19:38 horas. Sentado en el sofá con el portátil en el regazo, navego para matar el tiempo. Tal vez porque soy un fugitivo y conozco la angustia de la persecución, Facebook me da escalofríos. Miro con incredulidad todas esas pistas que la gente entrega sobre sí misma, la información voluntaria con la que van saciando día a día, sin pausa, la sed de control de poderes ocultos.
Desde que lo comprendí todo, intento conocer los mecanismos del espionaje masivo. Antes del cambio y del peligro, yo era como todo el mundo: sabía que hay centinelas invisibles vigilándonos en todas partes, pero no pensaba en ellos. No quería ver las cámaras de seguridad que sigilosamente graban mis pasos.
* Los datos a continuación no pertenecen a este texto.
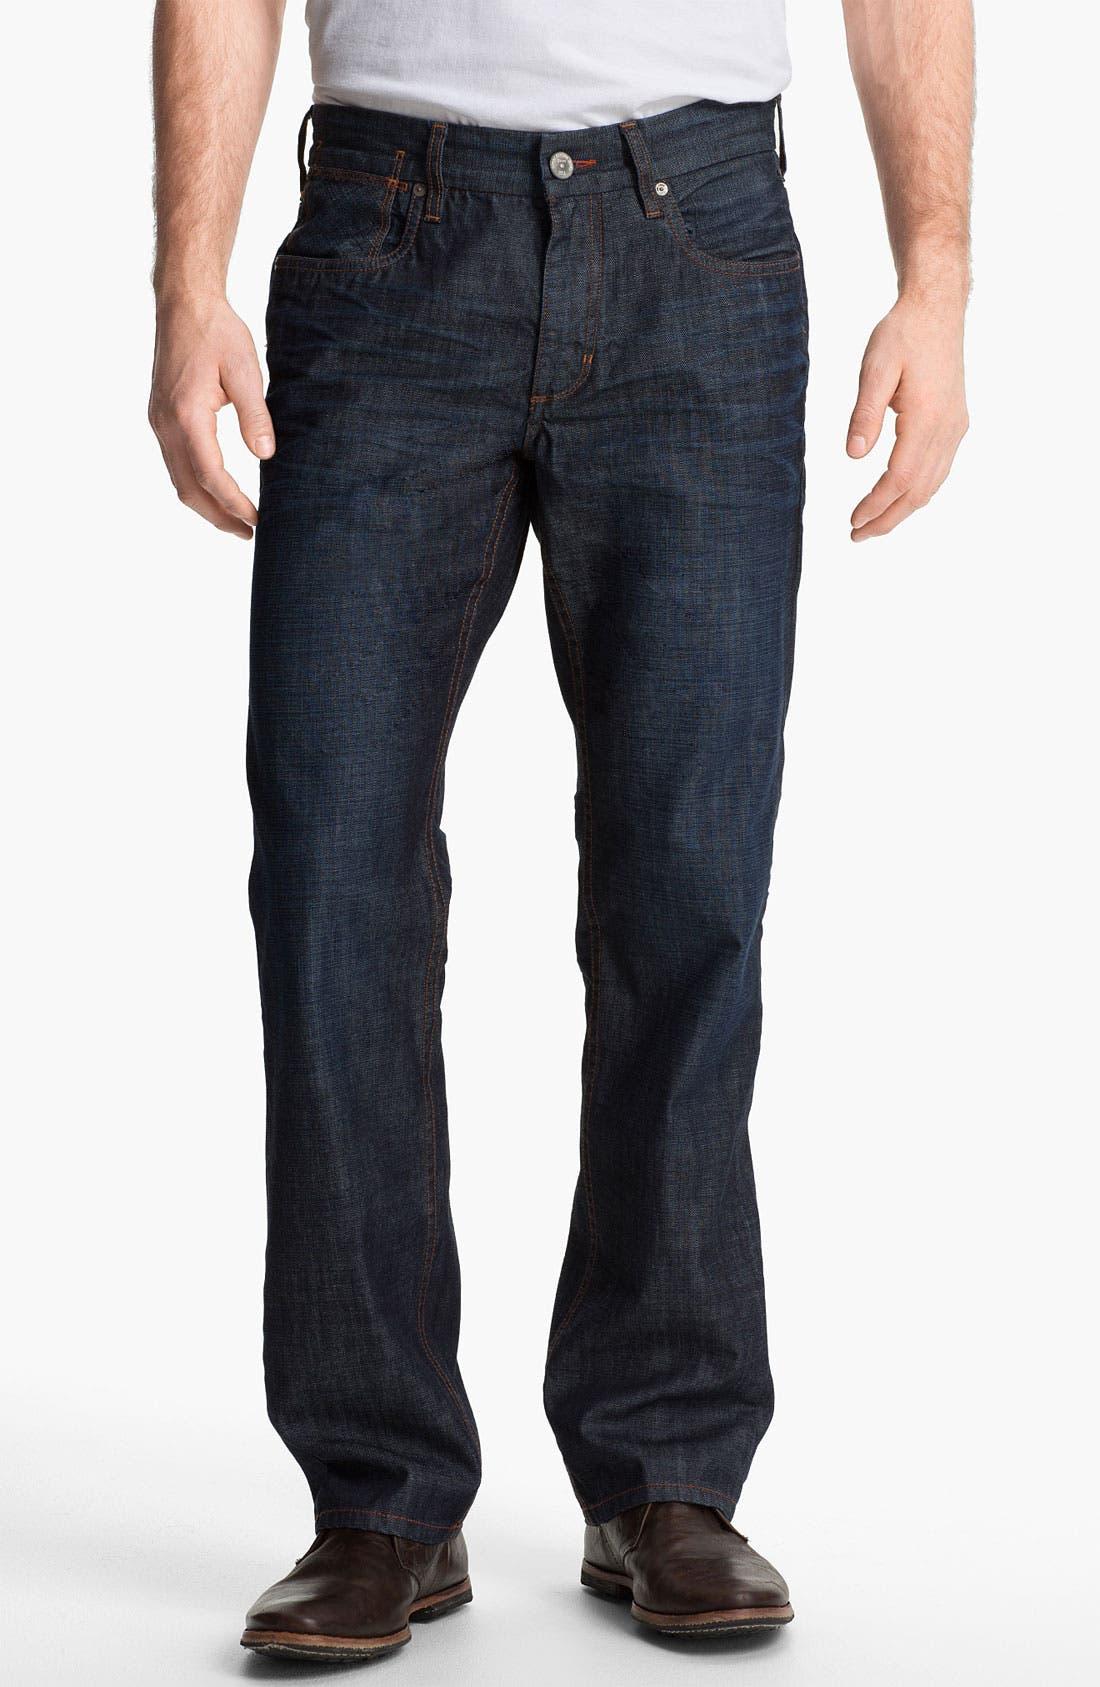 Main Image - Tommy Bahama Denim 'Cruz' Authentic Fit Jeans (Vintage Dark)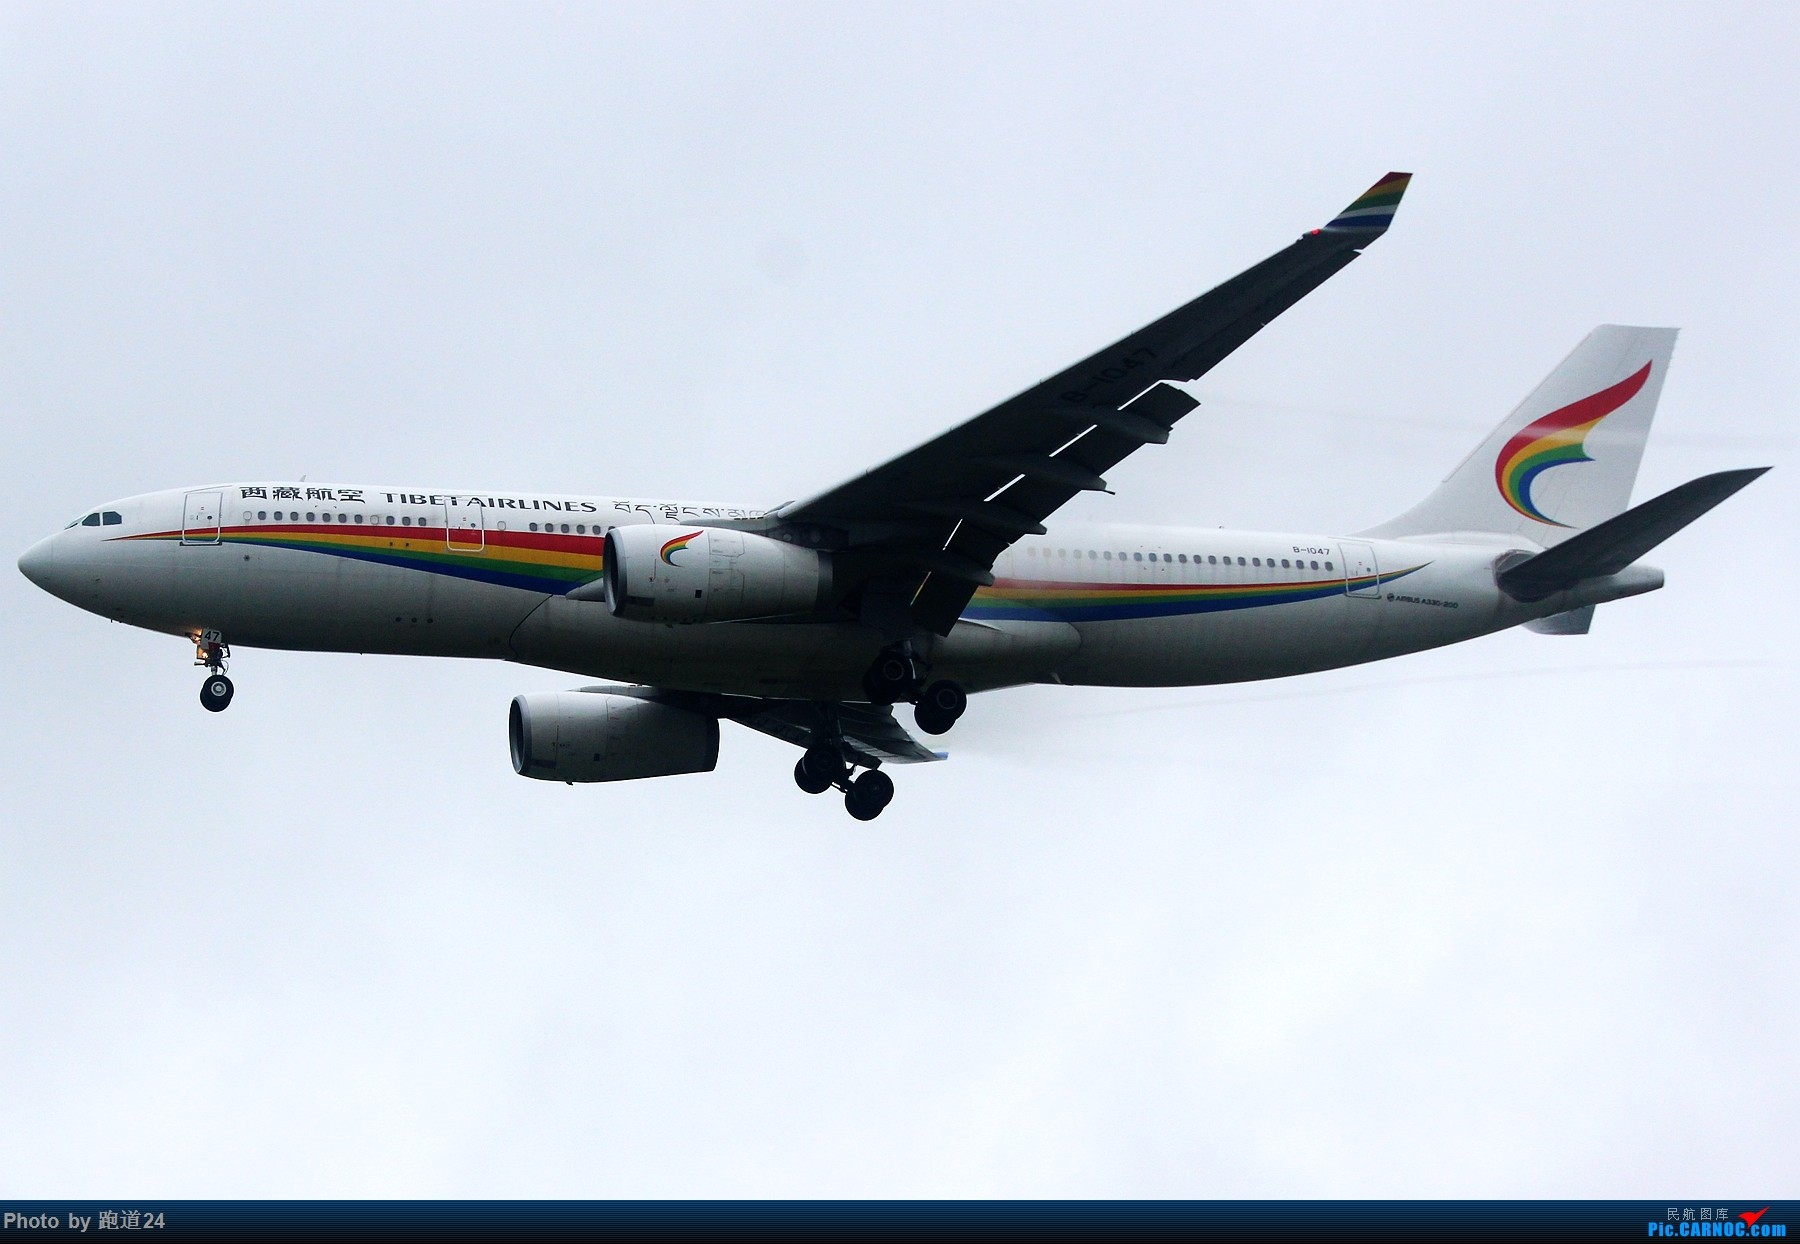 Re:[多图党]雨天CTU拍机 1800*1200 AIRBUS A330-200 B-1047 中国成都双流国际机场

Tampoco reparaba en los ojos transparentes de las pantallas que nos traicionan desde las habitaciones de nuestras casas, en el corazón del hogar. No imaginaba que un día tendría que huir. Ahora que por fin siento el miedo, nunca bajo la guardia. Sé el peligro que acecha tras la ceguera de la gente feliz e indefensa.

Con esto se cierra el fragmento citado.